Mustafoski's final contention is that he should have been
able to cross-examine Anaruk concerning an incident in which Anaruk
allegedly drank bootleg alcohol with some people, then later
informed the police that these people had engaged in the illegal
sale of alcohol. Judge Wood ruled that, because the incident in
question occurred after Anaruk's purchase of cocaine from
Mustafoski, Anaruk's conduct during this incident was a collateral
matter and not particularly relevant to the issues at Mustafoski's
trial.
Questions pertaining solely to a witness's general
credibility are usually deemed collateral. Jackson v. State, 695
P.2d 227, 230 (Alaska App. 1985). In general, a party cannot cross-
examine a witness on collateral matters to show that the witness is
an immoral person and thus unworthy of belief.
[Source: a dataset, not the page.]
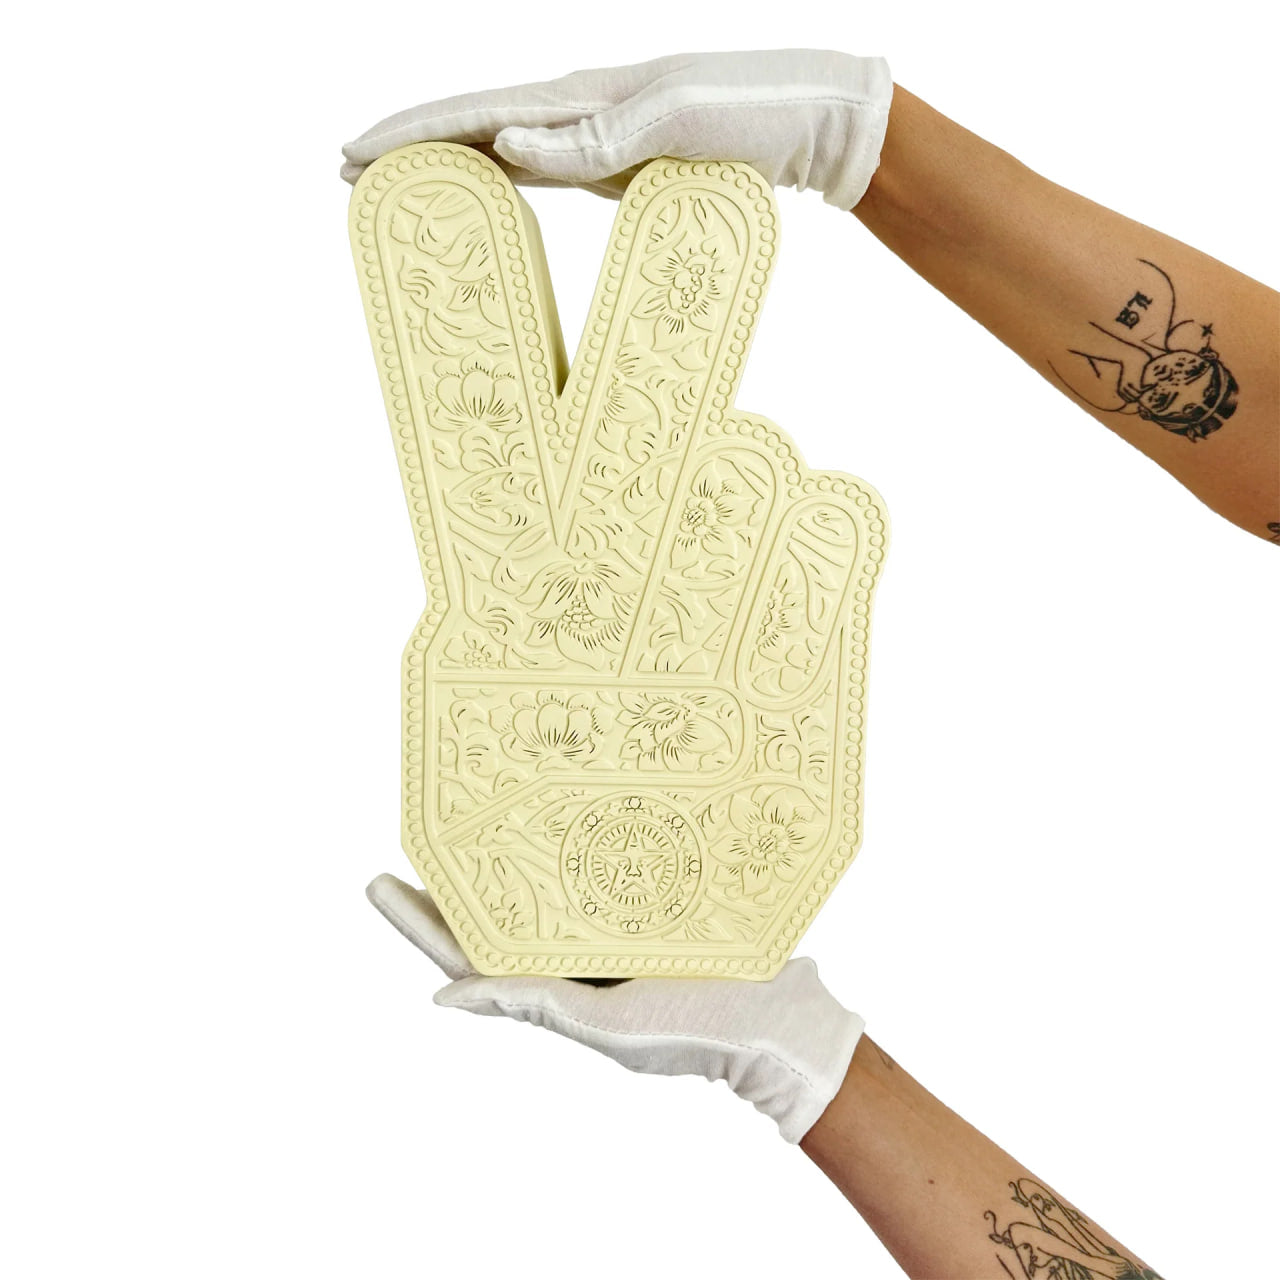 OBEY (Shepard Fairey) - Peace Fingers sculpture – Hedonism Gallery
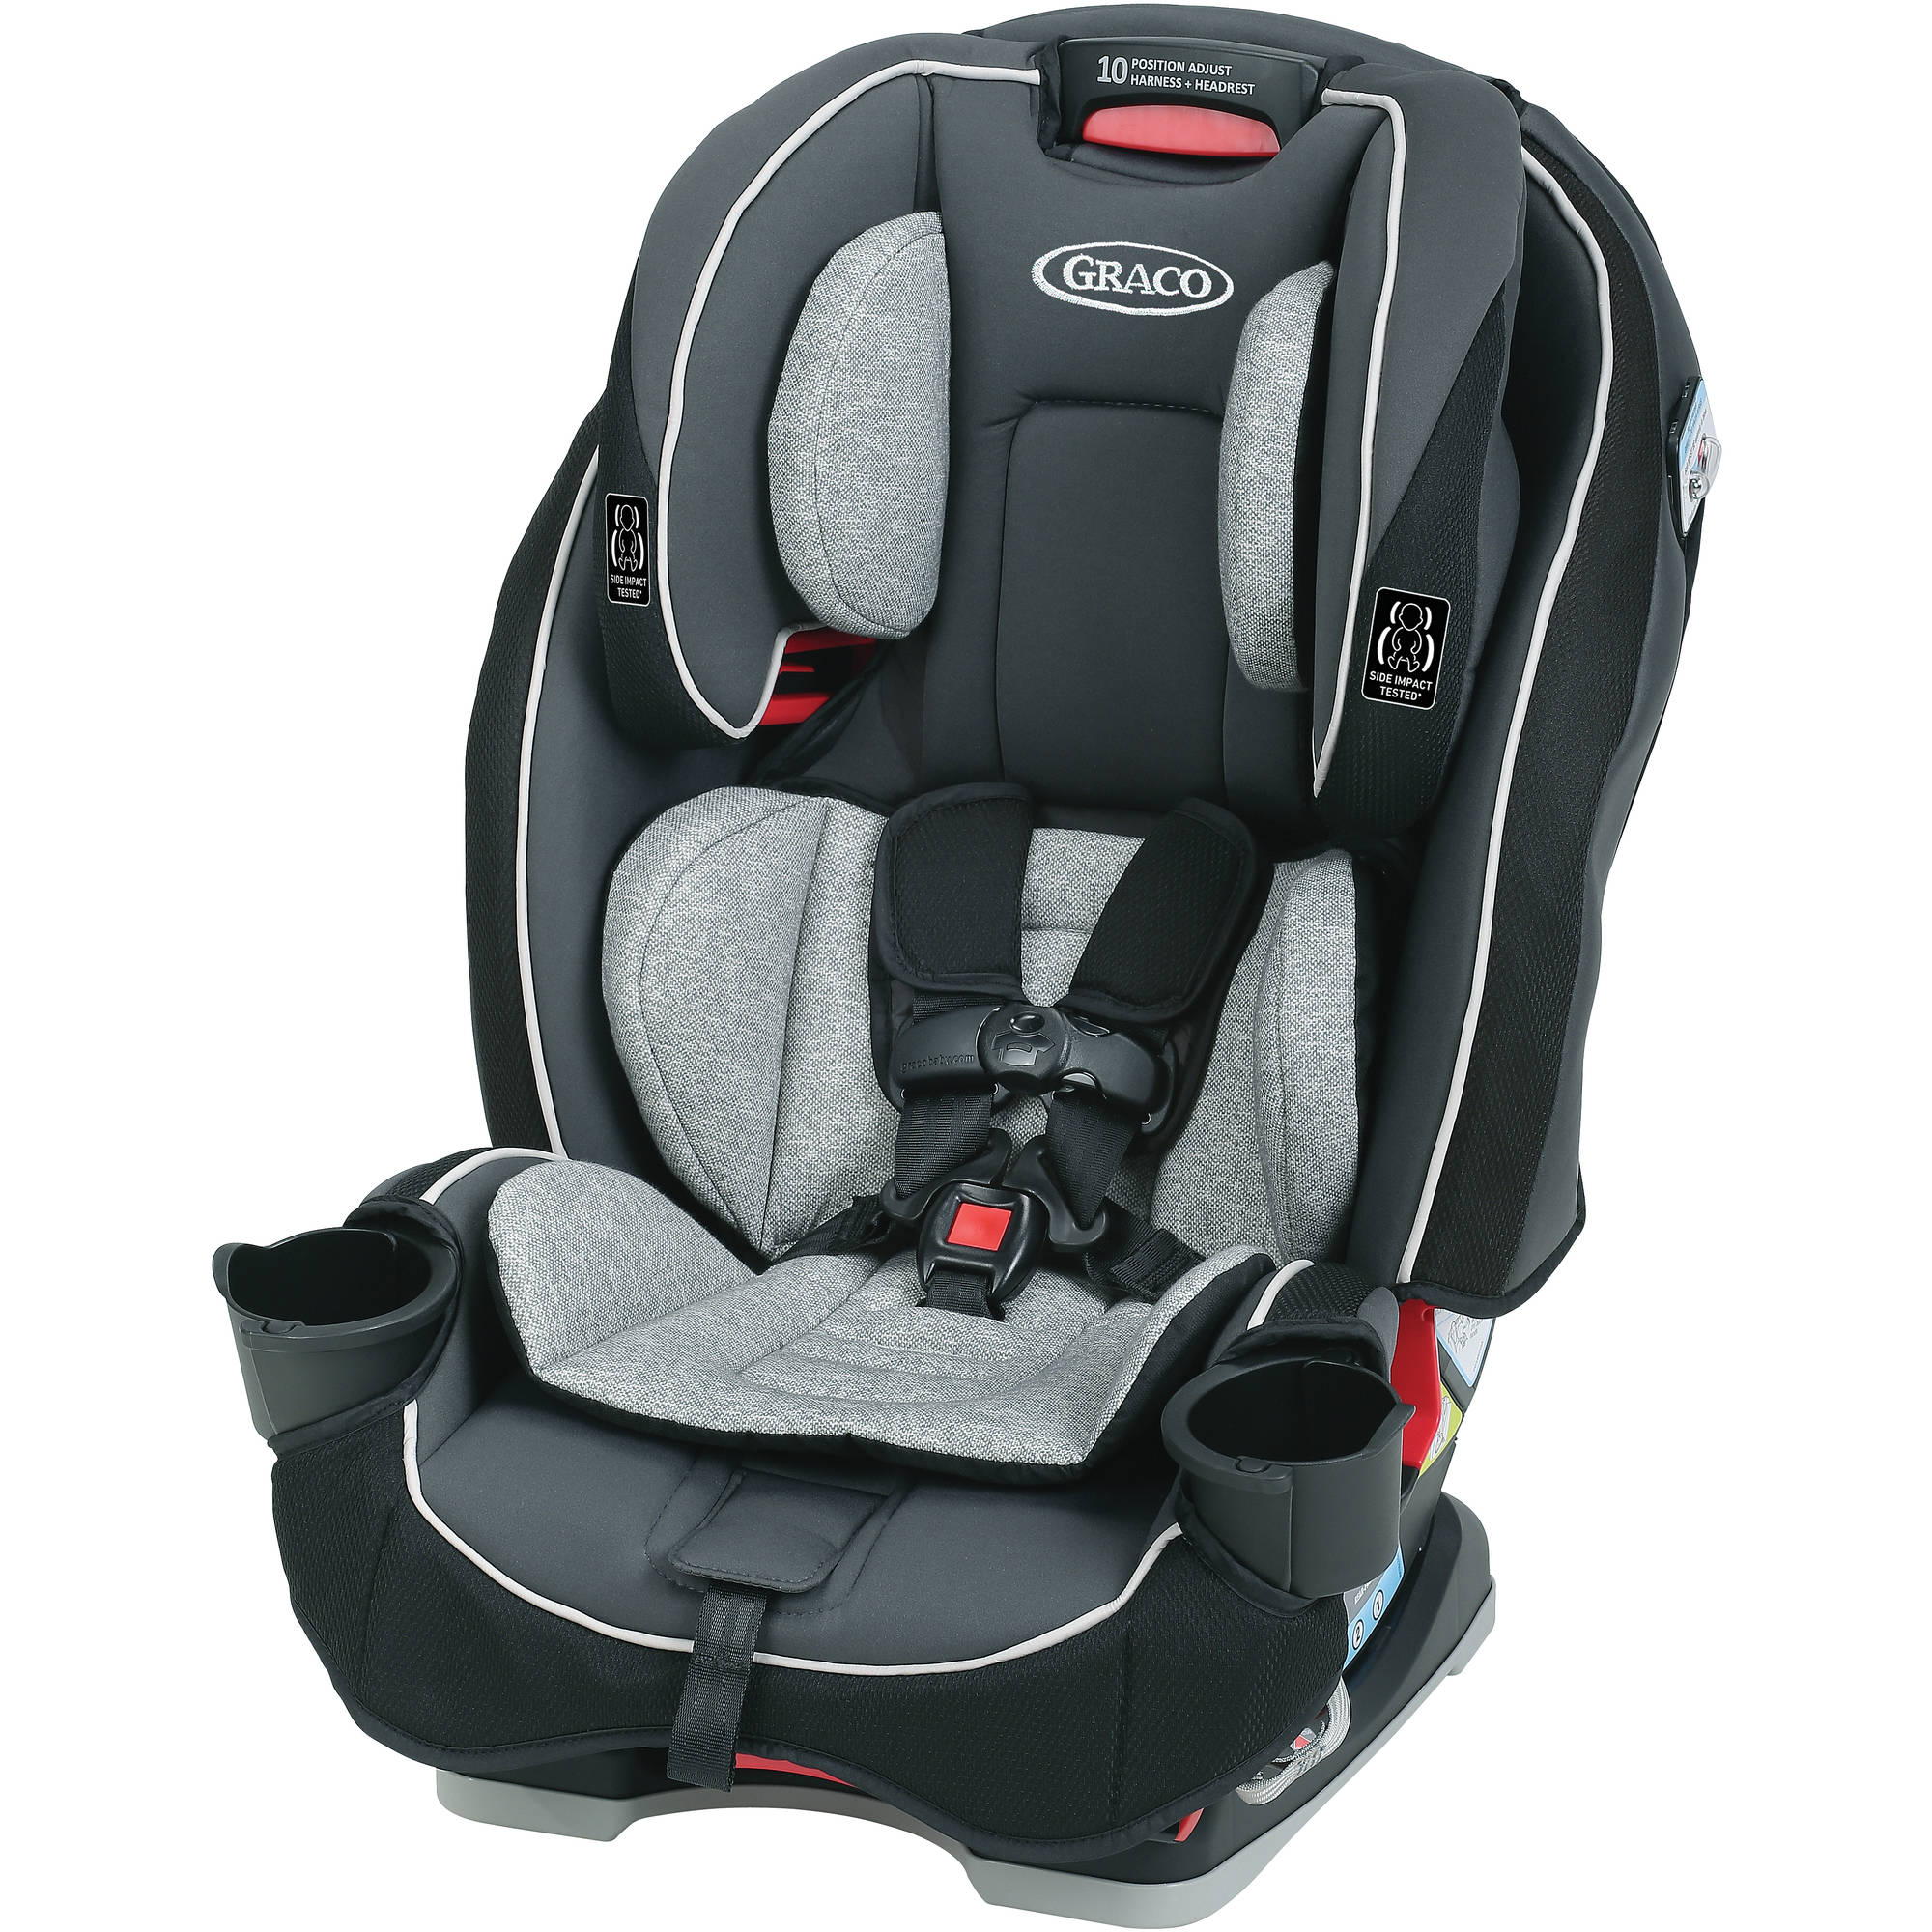 Graco SlimFit All-in-One Convertible Car Seat, Darcie - image 1 of 8

See Sheakley v.
State, 644 P.2d 864, 872 (Alaska App. 1982) (citing United States
v. Lester, 248 F.2d 329, 334 (2nd Cir. 1957)). Further, a trial
judge has considerable discretion to limit cross-examination aimed
solely at attacking a witness's general credibility. See Evans v.
State, 550 P.2d 830, 837 (Alaska 1976).
The only apparent relevance of Mustafoski's proposed
cross-examination was to portray Anaruk as a police informant who
had little conscience someone who would party with bootleggers
and then bust them. We conclude that Judge Wood did not abuse his
discretion when he ruled that evidence of this incident lacked
sufficient relevance to be admitted.
Conclusion
The judgement of the superior court is AFFIRMED.